Thursday, May 02, 2013

WORLD_ Film's Vietnam vet find after 44 years false: US

Film's Vietnam vet find after 44 years false: US

AFP Updated May 3, 2013, 3:09 am




Film's Vietnam vet find after 44 years false: US


HANOI (AFP) - A man who claimed in a widely publicised documentary to be an American soldier, missing since his helicopter was shot down during the Vietnam War, is actually Vietnamese, the US said Thursday.

"Unclaimed", directed by Michael Jorgensen, which has generated an explosion of interest since its premiere this week, purports to have discovered US serviceman John H. Robertson -- alive, well and living in the communist nation.

But a United States Defense Department statement said the man -- who appeared on film in an emotional "reunion" with Robertson's sister -- has been DNA tested and found to be a citizen of the Southeast Asian country.

"All claims and alleged live sighting reports related to Robertson have been investigated and found to be false," according to a release from the Defense Prisoner of War/Missing Personnel Office on Thursday, provided to AFP by the US Embassy in Hanoi.

A tightly edited trailer for the movie, posted on production company Myth Merchant Films' website, does not show any clear full-face images of the Vietnamese man, known by the name Dang Ngoc Than.

Nearly 60,000 American soldiers died in the bloody Cold War-era conflict, which also claimed the lives of up to three million Vietnamese civilians and soldiers before ending in 1975 with Vietnam's reunification.

Robertson was on board a Vietnamese Air Force H-34 helicopter that came under heavy enemy ground fire in May 1968 and crashed, leaving no survivors. He was declared dead in 1976.

The documentary follows Vietnam veteran Tom Faunce as he tries to find the "true identity of a man claiming to be an American Special Forces MIA still living in a remote Vietnamese village," according to the film's promotional material.

The film-makers in a post on their Facebook page said the movie was not "produced to help perpetrate fraud of any kind or misrepresent anyone's identity".

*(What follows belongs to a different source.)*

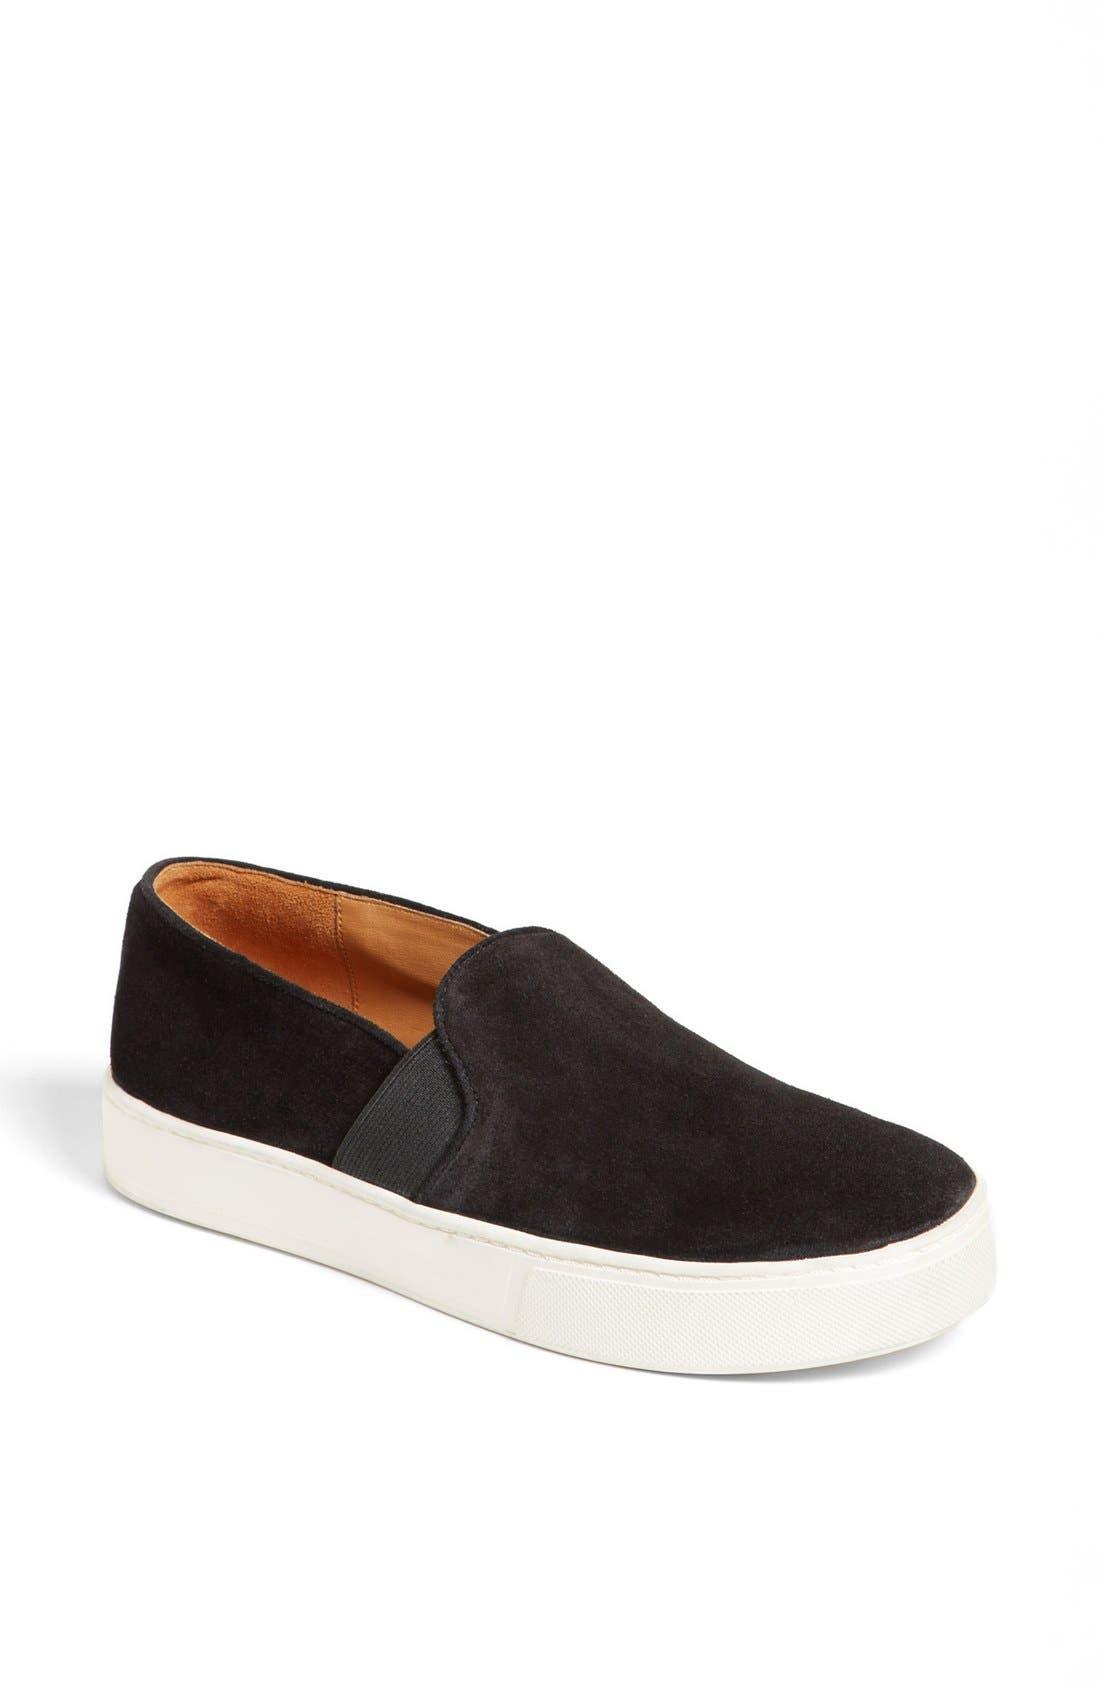 'Blair 3' Sneaker,                             Main thumbnail 1, color,                             Black
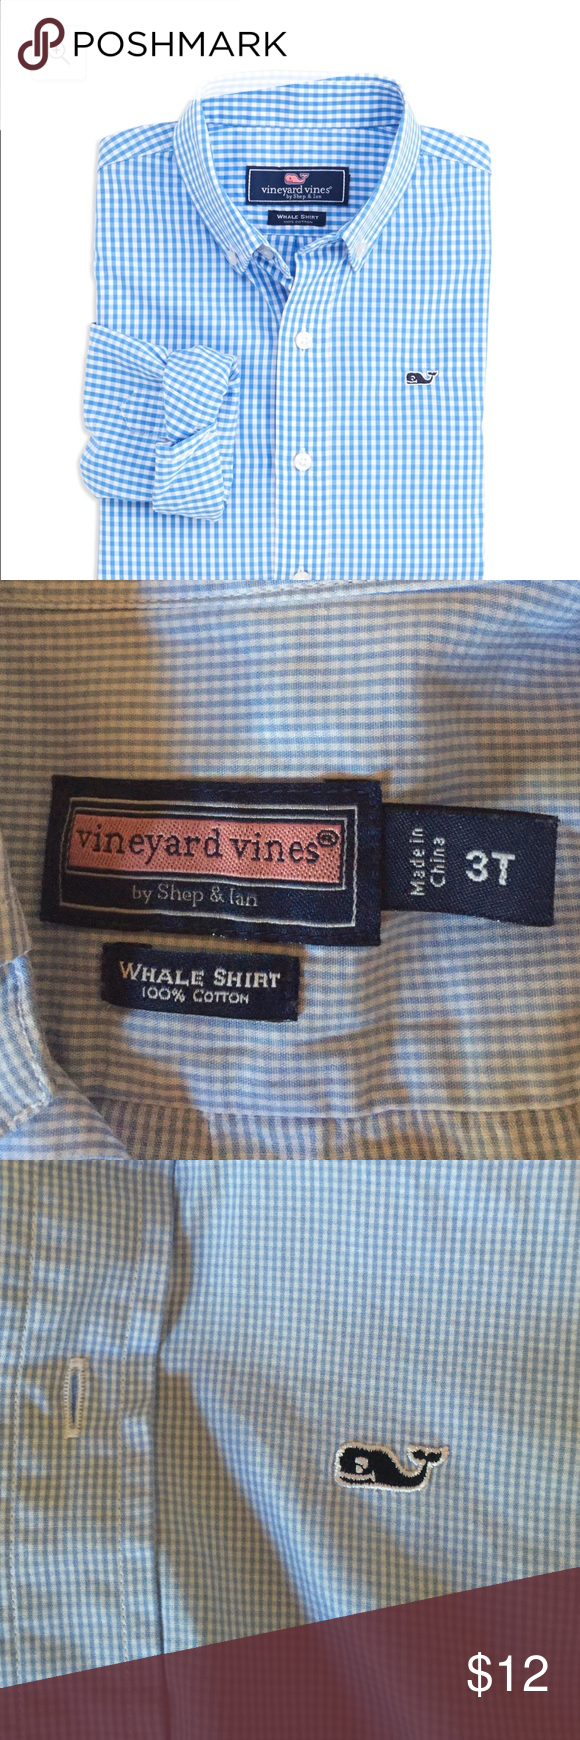 Boys Vineyard vines button down shirt Light blue gingham boys vineyard vines whale shirt Vineyard Vines Shirts & Tops Button Down Shirts

Investigators interviewed the Vietnamese man twice, in 2004 and 2009, after "alleged live sighting reports", according to the US statement.

Fingerprint samples taken at the time were not the same as those on file for the missing serviceman, it said, and DNA "did not match either of Robertson's siblings".

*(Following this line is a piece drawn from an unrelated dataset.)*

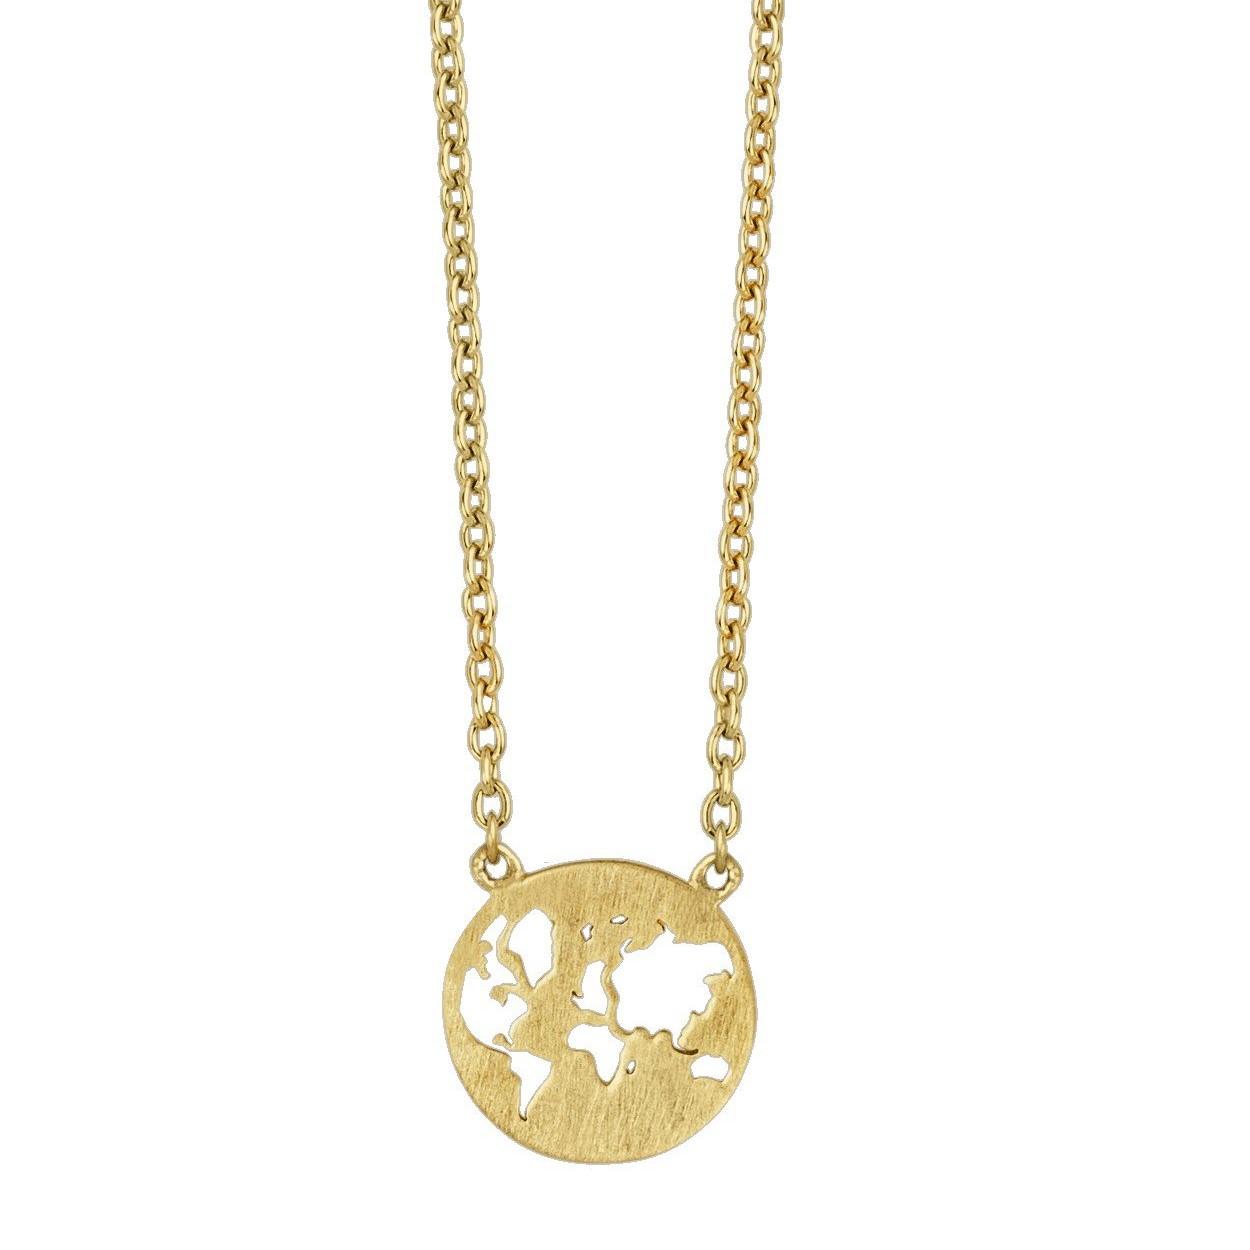 Hypermoderne BEAUTIFUL WORLD halskæde- Solid Guld - Ure-smykker din lokale PV-09

"A recently released film features this same Vietnamese individual who continues to allege that he is Robertson," the statement added.

Had the man been proven to be Robertson, he would theoretically have been entitled to back pay and veterans' benefits from the US government.

Some 1,971 Americans were left unaccounted for at the end of the Vietnam War, according to figures from the US Joint Prisoners of War, Missing in Action Accounting Command (JPAC), which handles the search for the bodies of MIAs.

Around 700 have been identified, and some 600 more are listed as "no further pursuit", meaning it is not possible to recover their remains, but JPAC is still hunting for the remains of about 700 missing individuals.